Interrupt as many people as possible!Interrupt- You identified your target it is time to interrupt. Everyone lives in their own world. Especially now with cell phones and MP3 players. As I am doing this I am in a park in my own world. Anyone that approaches me has to break my concentration and break into my world. The thing is that you don’t want to break and enter you want to invite yourself in.

It’s as if a good friend of yours that you like calls you up and invites themselves over to your house. I don’t know about you but I don’t mind if someone I like invites themselves over as long as it is not terribly inconvenient and they don’t over stay their welcome. So those are the same principles you are going to use when approaching someone. You want to be friendly and likable (that means good grooming) and not over stay your welcome. So before you even begin to talk, you should be subtly mirroring the persons behavior if you actively mirror someone physiology you can get a glimpse of how they are feeling. You can start getting into their world.
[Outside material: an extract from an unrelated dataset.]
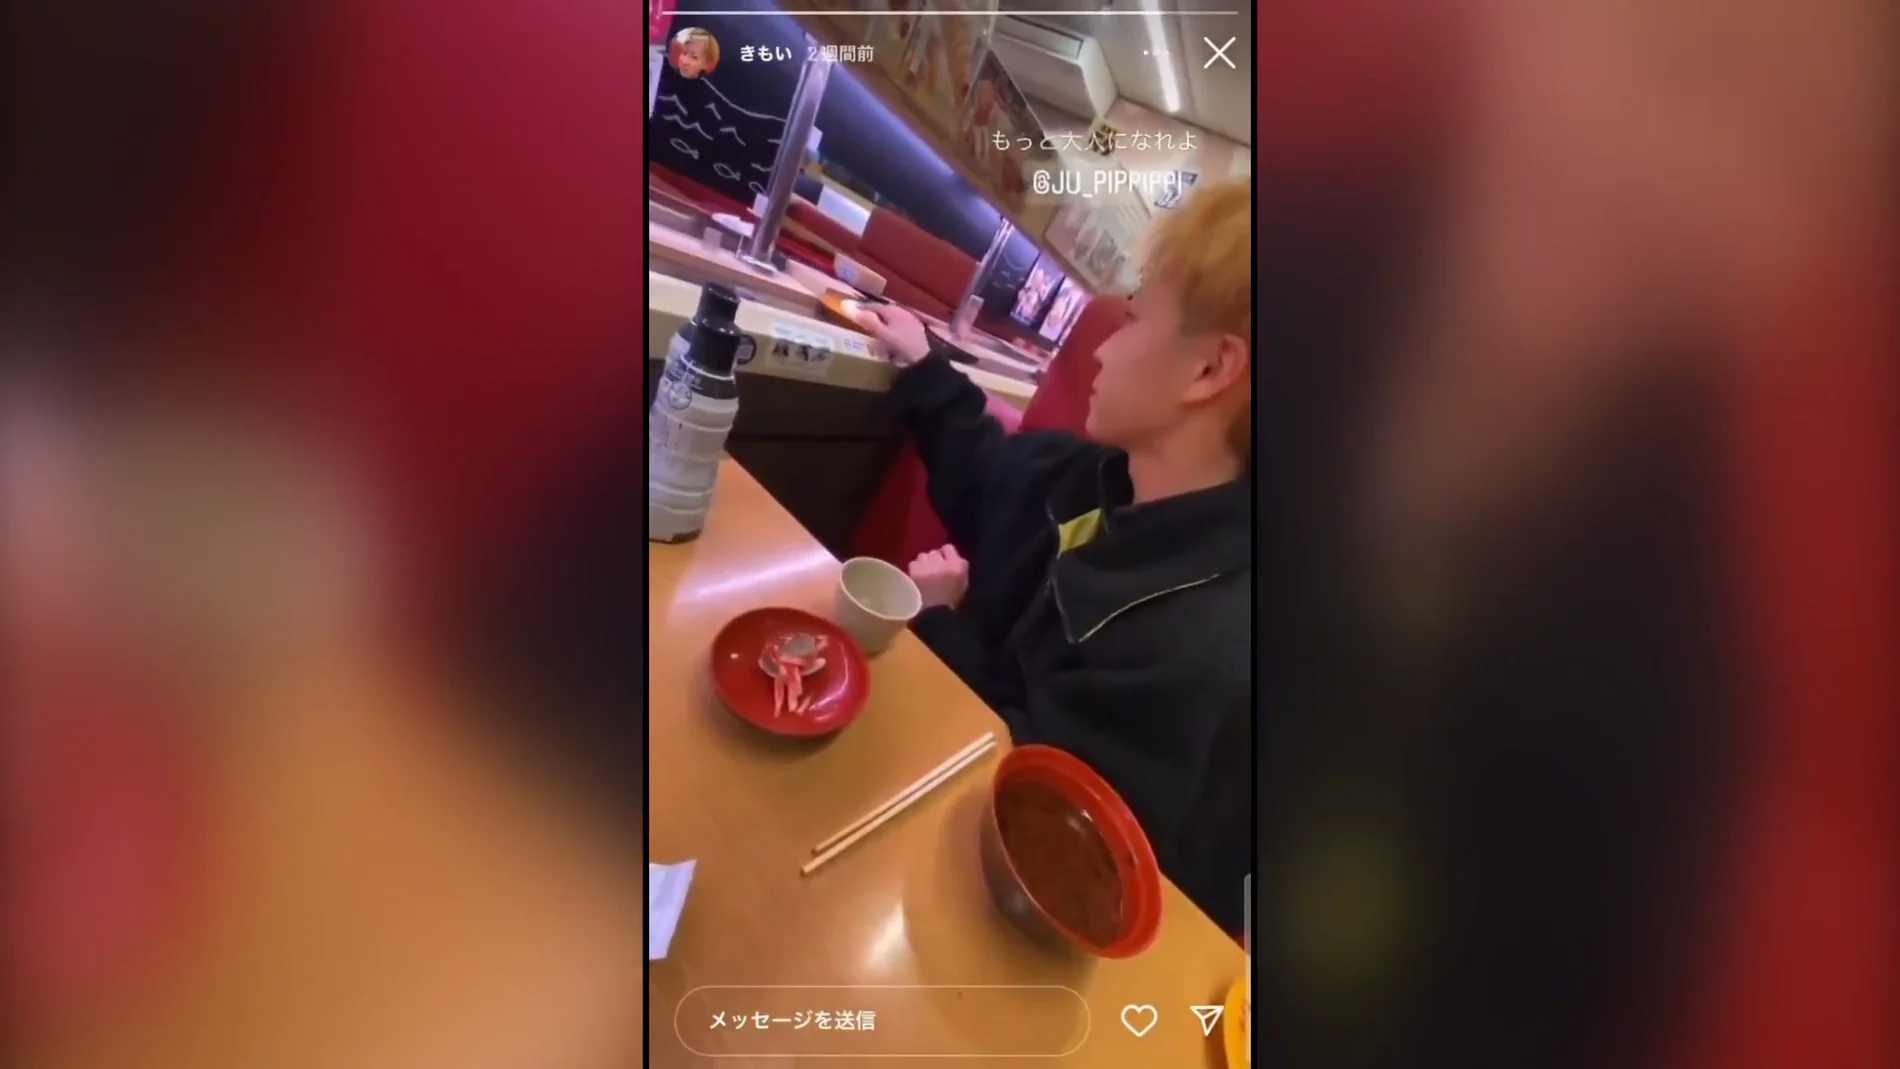 Vídeo viral difundiendo bromas antihigiénicas en restaurantes japoneses

For more on mirroring check out Antony Robbins book Unlimited Power, Mirroring is a rapport building skill big in NLP. A word of advise be subtle not creepy. A great way to start is by matching their breathing. Not by staring at their chest that is terribly inappropriate especially for a guy. Glance at their shoulders and belly with practice you just pick it up naturally. If for some reason you are not subtle enough it is just a great way to start your conversation. You can start your relationship on a lie. “Oh I am sorry, you just look very familiar.”

 

Once you have mirrored the person for 30 sec or so. You can approach them. Do not approach someone straight on it feels somewhat uncomfortable. Approach them form an angle where they can see you but it is not to direct. Depending on how focused they are this might get their attention. Now it is time to start a conversation. I find that “Hi” or “Hey” work very well in most circumstances. When using “Hi” you should have eye contact. So “hey” can be more versatile. That is the same way I view my interruption I am figuring out how to invite myself into their world for a short period of time

A good interruption would be to smile and say “Hey I only got a second, I just wanted to tell that I like the fact that you are smiling.” Sometimes these days you might have to say Hey and pause to see if they heard you or if they are entranced in a song on their ipod.

I am sure I don’t have to say this but for thoroughness- If they are on the cell phone obviously don’t interrupt it’s rude and they are not going want to talk to you.(it is under the terribly inconvenient heading)

 

Ok I used this example because it suits a lot of what I look for. I search for people that are smiling, happy, friendly looking. Sometimes you might get the same friendly vibe from someone that is not smiling they might just be in a funk. That is an excellent opportunity. Some basic rules;

 

  1. Smile, be friendly.
  2. Be well groomed.
  3. Think of how you would like to be approached.
  4. Make sure you state that you are not going to take to much of their time- remember you don’t want to overstay your welcome and everyone is busy.
  5. This is not the time to rehearse. Don’t over analyze what you are going to say. This is the time for action. There are no scripts just general rules go with the conversation.
  6. Find something you can help them with that is not considered unwanted advise.

With this in mind the next thing to do is just to go out there and practice. I will be doing the same thing over the next couple of days I will inform you how it works out. I understand that most of us know this information. I am hoping that by breaking it down that you will be to build enough courage to “just do it”! There is a difference between knowing and doing. As I have said before you need to BE the person that will meet people effortlessly and the way you do that is through baby steps. Take the first step meet someone today. Meet two people tomorrow. Three the next day. You need to make it a goal. Until it becomes a habit.